R set name, gender, and major as factor. If something we want to add to these three columns which are not included in original factors, R will use NA to replace it.  Before we solve this problem, we need to figure out what factor is?

First, what is the factor? We could understand the factor in this way. Usually, the variables could be treated as two different types generally which are continuously variable and categorical variable. 

> A **categorical variable** is a variable that can take on one of a limited, and usually fixed, number of possible values, assigning each individual or other unit of observation to a particular group or nominal category on the basis of some qualitative property. 
>
> -- Wikipedia

We use some examples to help us to understand categorical variable. 

1. Usually, we treat gender as two categories, such as Male and Female.
2. Sometimes, we will split age into some categories, teenage, youth, adult and, old man.
3. If you want to buy a new cell phone. All brands are categorical data. Such as apple, Samsang, Xiaomi, OnePlus and so on. 

Now, you could figure out what is categorical variable. You may also notice that some categorical variables have an order but rest are not. For `gender` , Male and Female are same, they do not have an order. However, for `age`, it has  a order like  $teenage < youth < adult < old man$. It depends on your analysis goal and questions to decide whether or not set a variable as a categorical variable.

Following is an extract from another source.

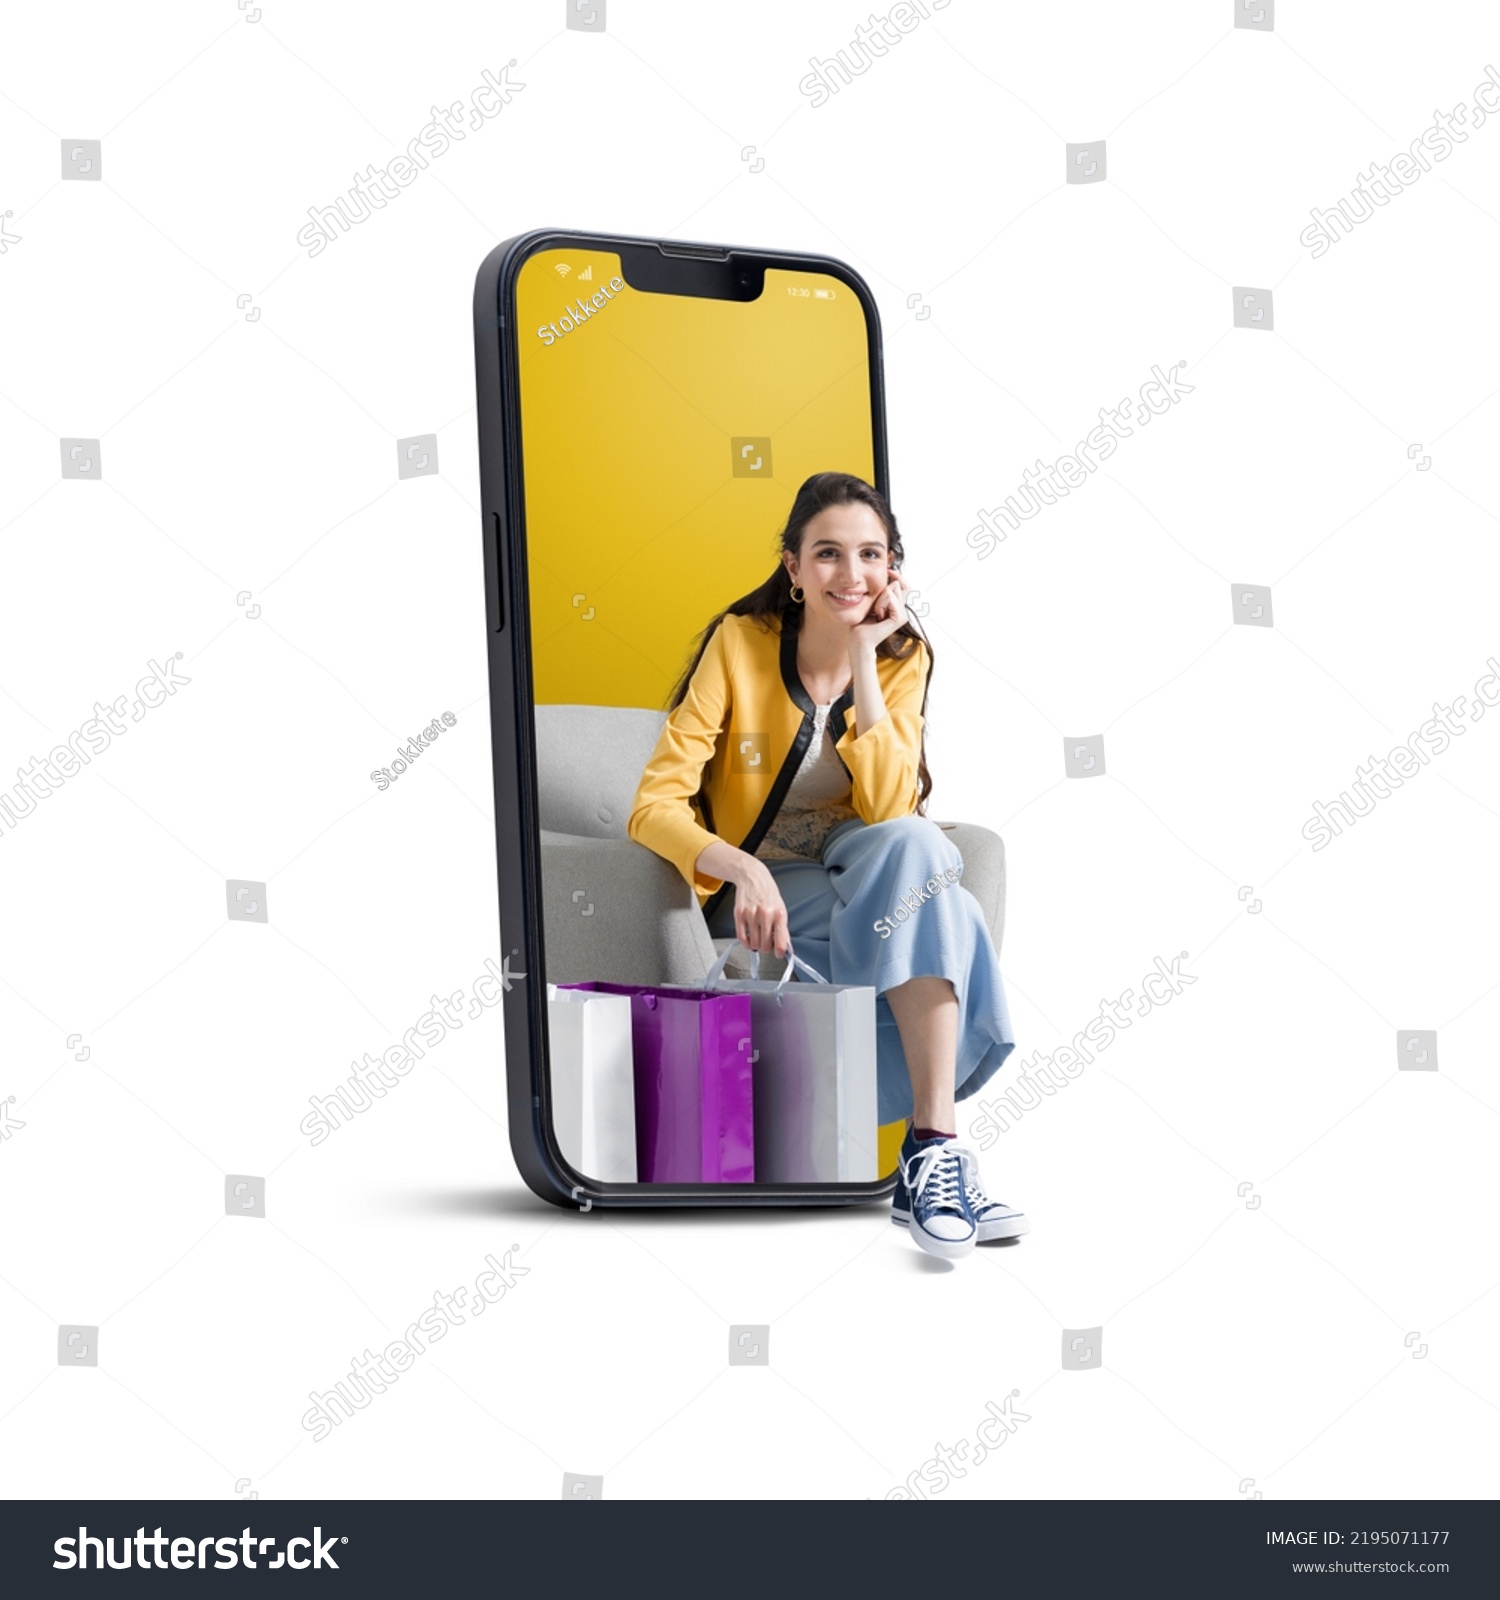 Happy young woman with shopping bags in a smartphone, online shopping and sales concept, isolated on white background #2195071177

In R we use `factor()` to create factor data.

In [14]:
# data without order
cella <- c('Male', 'Femal')
gender <- factor(cella, ordered = FALSE)
# data withe order
cellb <- c('Bachelor', 'Master', "Ph.D")
degree <- factor(cellb, ordered = TRUE)

In [15]:
gender

In [16]:
degree

We could find, if we set `order = TRUE`, the R will show us an order.  Here the order is the default which based on position. If you want to set your order, you could use the following method.

In [17]:
# data with own order
cellc <- c('Samsung', 'Apple', 'Xiaomi', 'OnePlus')
phone <- factor(cellc, ordered = TRUE, levels = c('Apple', 'Xiaomi', 'Samsung', 'OnePlus'))
phone

Sometimes, we already have a certain level, in this case, we could combine `factor()` and `level()`to do something interesting. 

In [18]:
celld <- c(1, 3, 2, 3, 3, 3, 2, 2, 1, 3, 2, 1)
fdata <- factor(celld)
levels(fdata) <- c('I', 'II', 'III')
fdata

See, we the transfer `double` data to the `factor` data. This method will help us save a lot of time if we want to input a tremendous amount of categorical data. 

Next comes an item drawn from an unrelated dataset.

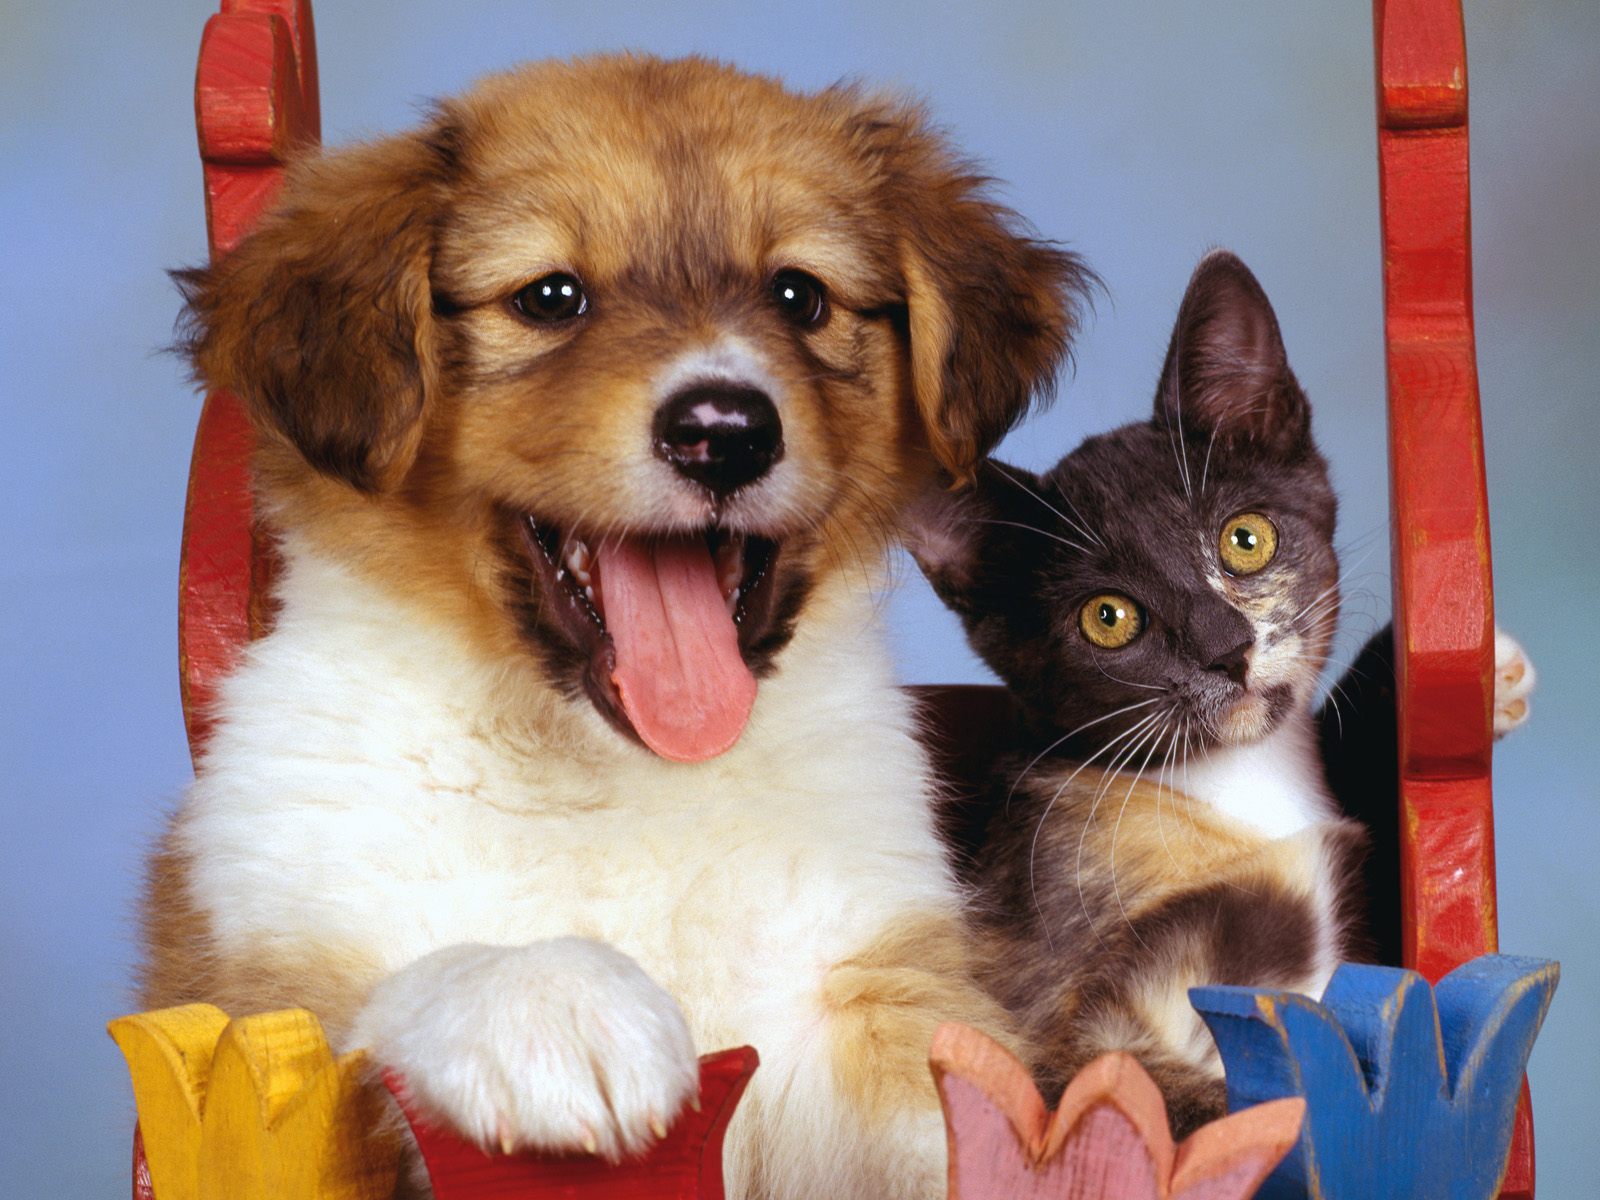  Dogs and Cats Backgrounds Wallpaper and make this wallpaper for your

Here are basic operations about `factor	` in R. Last thing we need to pay attention before we solve the error.  When we create a data frame, R will consider character as factor.  In this case, if we want to add a new item to these variables, this item should be an exit at the original level. 

In [19]:
test <- factor(c('a', 'b', 'c'))
test

In [20]:
# Try to add a new item
test[4] <- 'd' 

“invalid factor level, NA generated”

In [21]:
# R use NA to replace
test

In [22]:
# add an item already existed in original factor level
test[5] <- 'a'
test

Now, we know the reason for the error and need to transfer factor to character then we could add a new item. The`as.character()` function coulde help us..

In [23]:
df_2

studentID,name,age,gender,major,GPA
1,Shawn,21,M,STAT,3.1
2,Jack,22,M,CS,3.2
3,Peter,22,M,EDU,3.3
4,Mary,19,F,STAT,3.4
5,,25,F,,2.5


In [24]:
df_2$name <- as.character(df_2$name)
df_2$major <- as.character((df_2$major))
df_2 <- rbind(df_2, c(6, 'Jack', 25, 'M', 'EE', 2.5))
# Use str() to check structure information again
str(df_2)

'data.frame':	6 obs. of  6 variables:
 $ studentID: chr  "1" "2" "3" "4" ...
 $ name     : chr  "Shawn" "Jack" "Peter" "Mary" ...
 $ age      : chr  "21" "22" "22" "19" ...
 $ gender   : Factor w/ 2 levels "F","M": 2 2 2 1 1 2
 $ major    : chr  "STAT" "CS" "EDU" "STAT" ...
 $ GPA      : chr  "3.1" "3.2" "3.3" "3.4" ...


In [25]:
# We are successful add a new row without missing values
df_2[6, ]

Unnamed: 0,studentID,name,age,gender,major,GPA
6,6,Jack,25,M,EE,2.5


OK, we solved the error and finished this tutorial.

Next time, we will talk about the `list` in R, it will be short.

See you!